Like others, Permaul speaks of the hunger for escape. “I prayed every night to St Anthony, prayed that I would get out. I knew I was in there for life, because there was no one to get me out. A girl died. I knew I had to get out.”

Soon she began to plan for freedom, stealing a cardigan from a laundry bag. But before she could take her plans further, she was spotted by a nun from Lenaboy who had come to Forster Street for a Christmas choir. “A nun told me to clear out my locker. Miss Broderick, a lay teacher, brought me back. Nobody told me anything. You didn’t dare ask a question. I went back to Lenaboy. Nothing was said; that was the strange bit.”

The seven months inside the Magdalen have left the deepest of scars.

Thousands made the same journey. Some were unmarried mothers, deemed promiscuous by the authorities.
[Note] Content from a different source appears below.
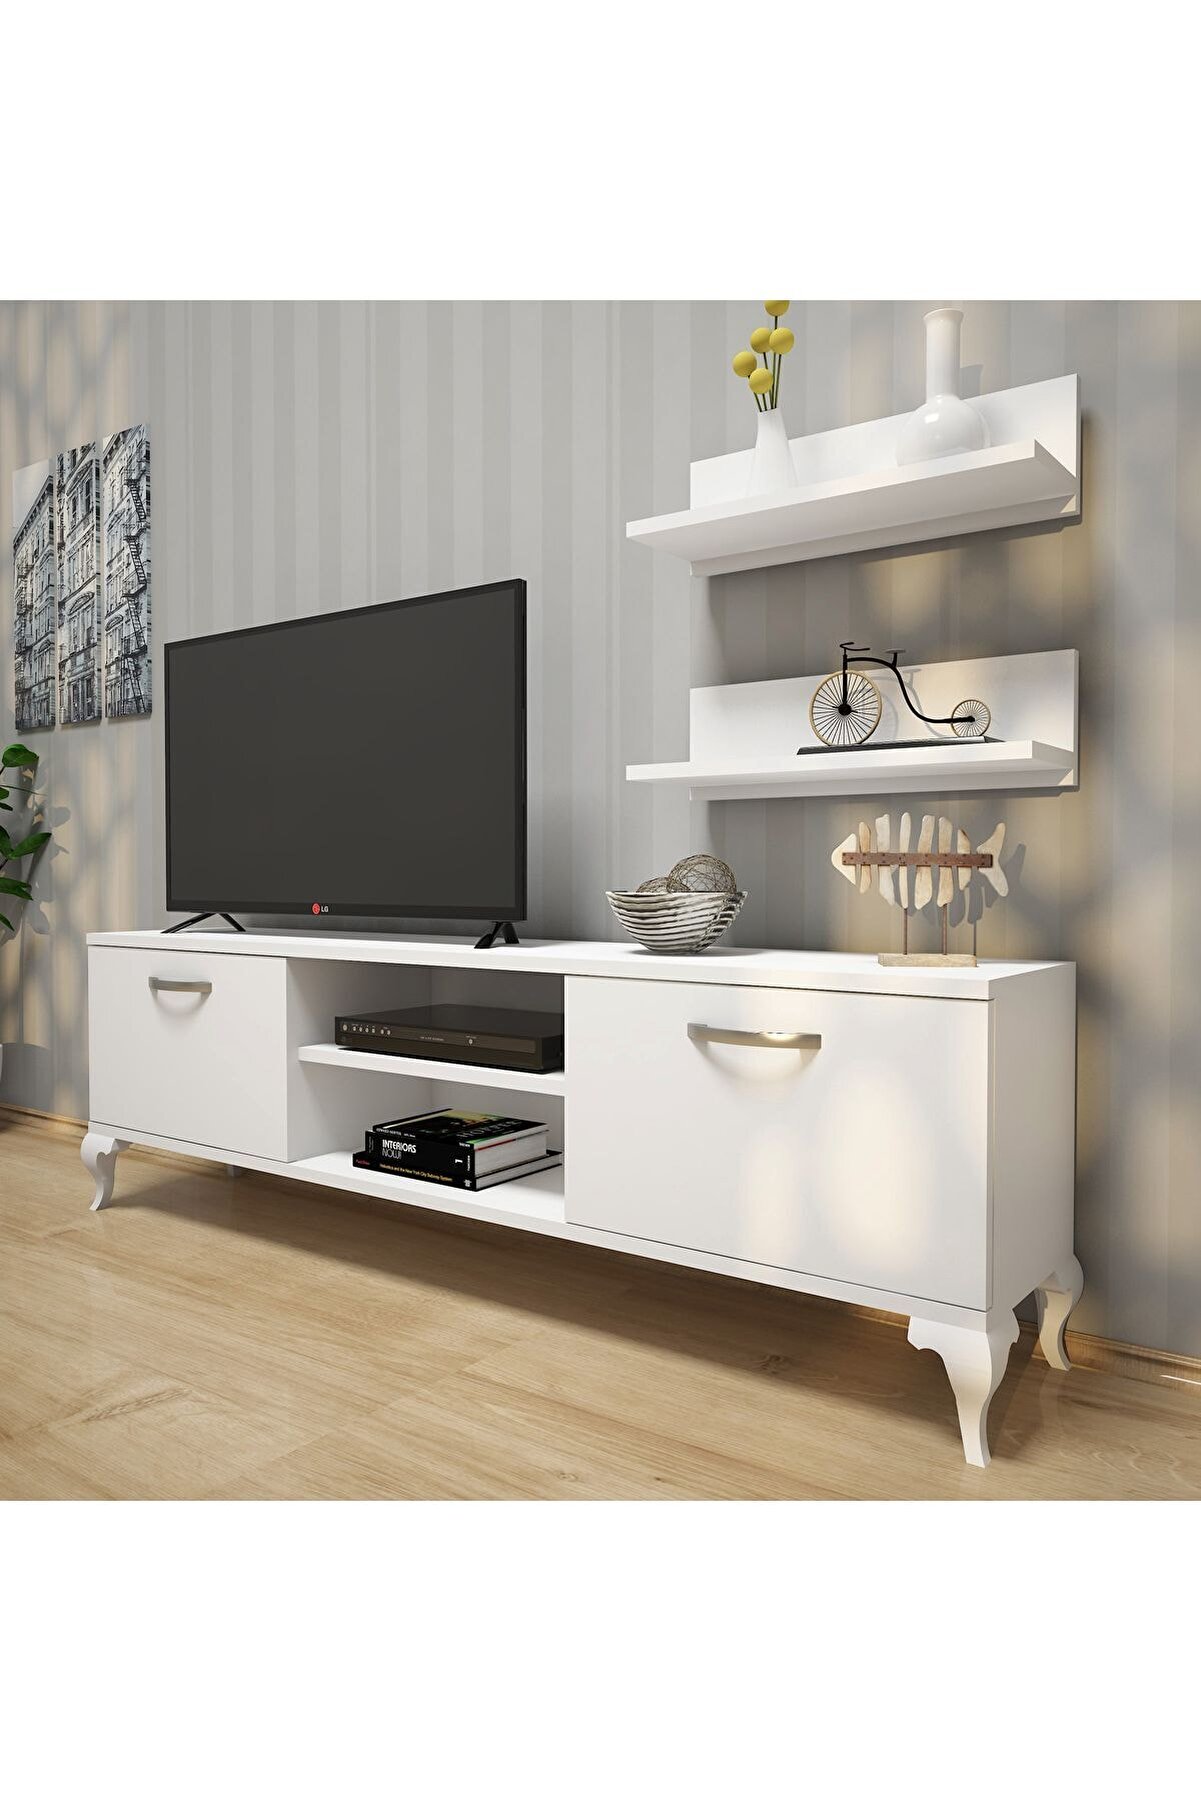 Rani Mobilya Rani A4 Duvar Raflı Tv Sehpası Kitaplıklı Tv Ünitesi Modern Ayaklı Tasarım 150 Cm Beyaz

More, perhaps most, were the daughters of such women, or “considered a burden” by their families or the State, had been sexually abused or had grown up in care.

Tuesday’s report

Next Tuesday’s report by Senator Martin McAleese “should, for the first time, enable us to speak with some authority about the numbers of women who entered these institutions after 1900”, says Dr James Smith of Boston College, who has spent years researching the Magdalens.

“According to the 1911 census, there were 1,094 women recorded at the 10 Magdalen asylums that would continue to operate after Irish independence,” says Maeve O’Rourke, who prepared a submission on the Magdalens for the United Nations Commission on Torture in 2011.

“In 1956, the Irish Catholic Directory and Almanac reported a capacity for 945 women at these same institutions,” says O’Rourke, who is a trainee barrister in London. She has spent many hours interviewing former inmates who now live in London.

The Magdalens were excluded from the Residential Institutions Redress Board. The State argued that it had never inspected or regulated the laundries and therefore was not responsible for them.

Mary Currington experienced the care of the Good Shepherds nuns in Co Wexford. Born to Sarah O’Neill, an unmarried woman, she lived in the county home in Enniscorthy, Co Wexford, until she was three and then, securely, with her aunt Anne in Monageer until she was five.